Example 1: Mining frequent patterns in a transactional database using FP-growth

Note: Click here to download the transactional database

#import the frequent pattern mining algorithm
from PAMI.frequentPattern.basic import FPGrowth as alg

#inputFile = 'fileName'
inputFile = 'Transactional_T10I4D100K.csv'

#specify the constraints used in the model
minSup=400

#create the object of the mining algorithm 
obj = alg.FPGrowth(inputFile, minSup)

#start the mining process
obj.mine()

#Print the number of interesting patterns generated
print("Total number of Frequent Patterns:", len(obj.getPatterns()))

#Save the generated patterns in a file
obj.save('outputFile.tsv')

# Determine the memory consumed by the mining algorithm
print("Total Memory in RSS", obj.getMemoryRSS())

# Determine the total runtime consumed by the mining algorithm
print("Total ExecutionTime in seconds:", obj.getRuntime())

2. Implementing a pattern mining algorithm on a dataset at multiple constraint values

Syntax

# import the necessary algorithm from the PAMI library
from PAMI. < model >.< basic / closed / maximal / topK >
import < algorithmName > as alg
algorithm = 'Algorithm Name'

# Create a data frame to store the values
import pandas as pd

result = pd.DataFrame(columns=['algorithm', 'minSup', 'patterns', 'runtime', 'memory'])

# Specify the List of constraint values
constraintList = ['List of values']

# For each value in the constraint list
for constraint in constraintList:
    # Call the necessary algorithm by passing necessary input parameters.

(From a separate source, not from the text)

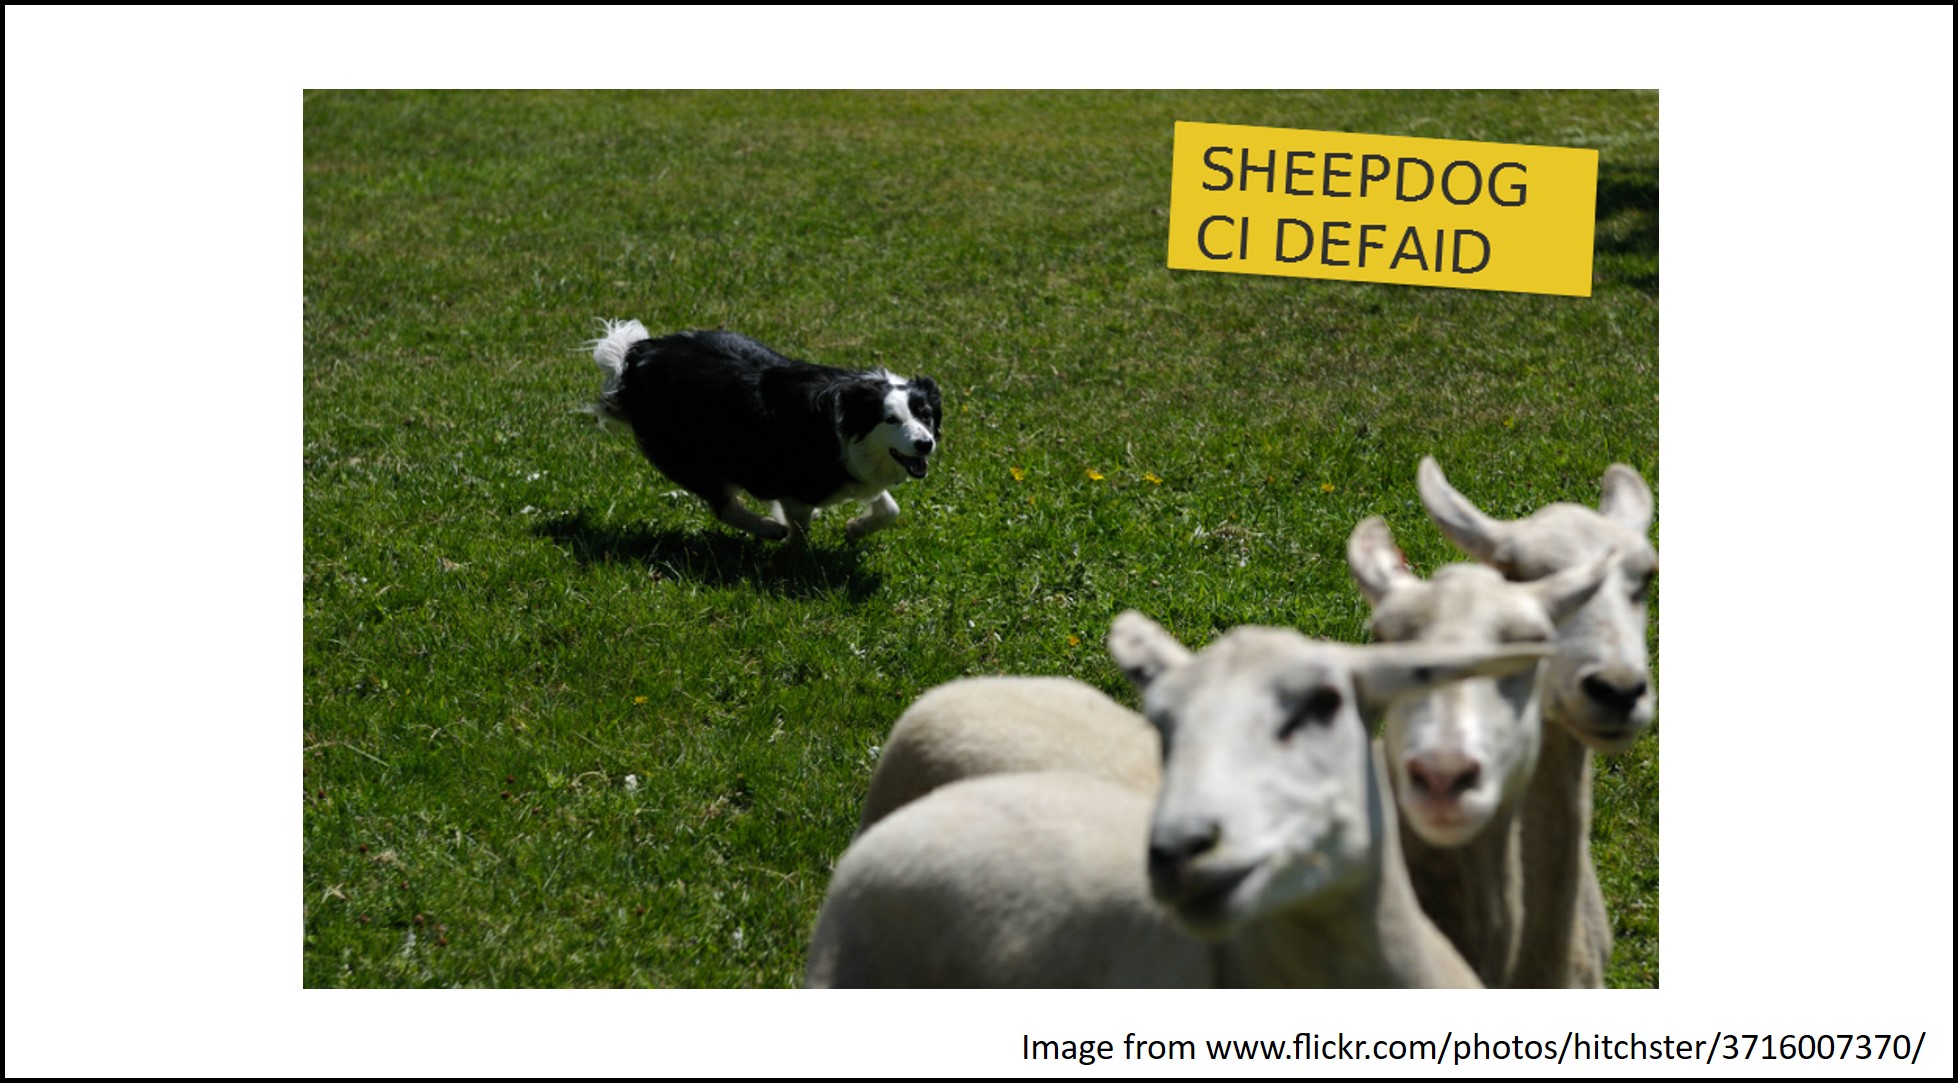 A sheepdog

The input parameters include inputFileName and the user-specified constraints.
    obj = alg. < algorithmName > (< input parameters >)

    # Start the mining algorithm
    obj.mine()

    # store the results in the data frame
    result.loc[result.shape[0]] = [algorithm, constraint, len(obj.getPatterns()), obj.getRuntime(), obj.getMemoryRSS()]

# Print the dataframe
result

# Visualize the plots
from PAMI.extras.graph import DF2Fig as dif
# Pass the result data frame to the class
ab = dif.dataFrameInToFigures(result)
# Draw the graphs
ab.plotGraphsFromDataFrame()

Example 2: Mining frequent patterns in a transactional database at different mininimum support values using FP-growth

#Import the mining algorithm
from PAMI.frequentPattern.basic import FPGrowth as alg

#Import pandas data frame to store the values 
import pandas as pd

#Initialize the data frame
result = pd.DataFrame(columns=['algorithm', 'minSup', 'patterns', 'runtime', 'memory'])

#Specify the name of the input file
inputFile = 'Transactional_T10I4D100K.csv'

#specify the seperator
seperator = '\t'

#Create a list of constraint values
minimumSupportList = [500, 600, 700, 800]
#minimumSupport values can be specified between 0 to 1.
#Example: minSupList = [0.005, 0.006, 0.007, 0.008, 0.009]

#specify the name of the algorithm
algorithm = 'FP-growth'  #specify the algorithm name

#Run the for loop for each minSup value
for minSup in minimumSupportList:
    #Create the object
    obj = alg.FPGrowth(inputFile, minSup, seperator)
    #start the mining process
    obj.mine()
    #store the results in the data frame
    result.loc[result.shape[0]] = [algorithm, minSup, len(obj.getPatterns()), obj.getRuntime(), obj.getMemoryRSS()]

#Print the dataframe
result

#Visualize the plots
from PAMI.extras.graph import DF2Fig as dif

#Pass the result data frame to the class
ab = dif.dataFrameInToFigures(result)
#Draw the graphs
ab.plotGraphsFromDataFrame()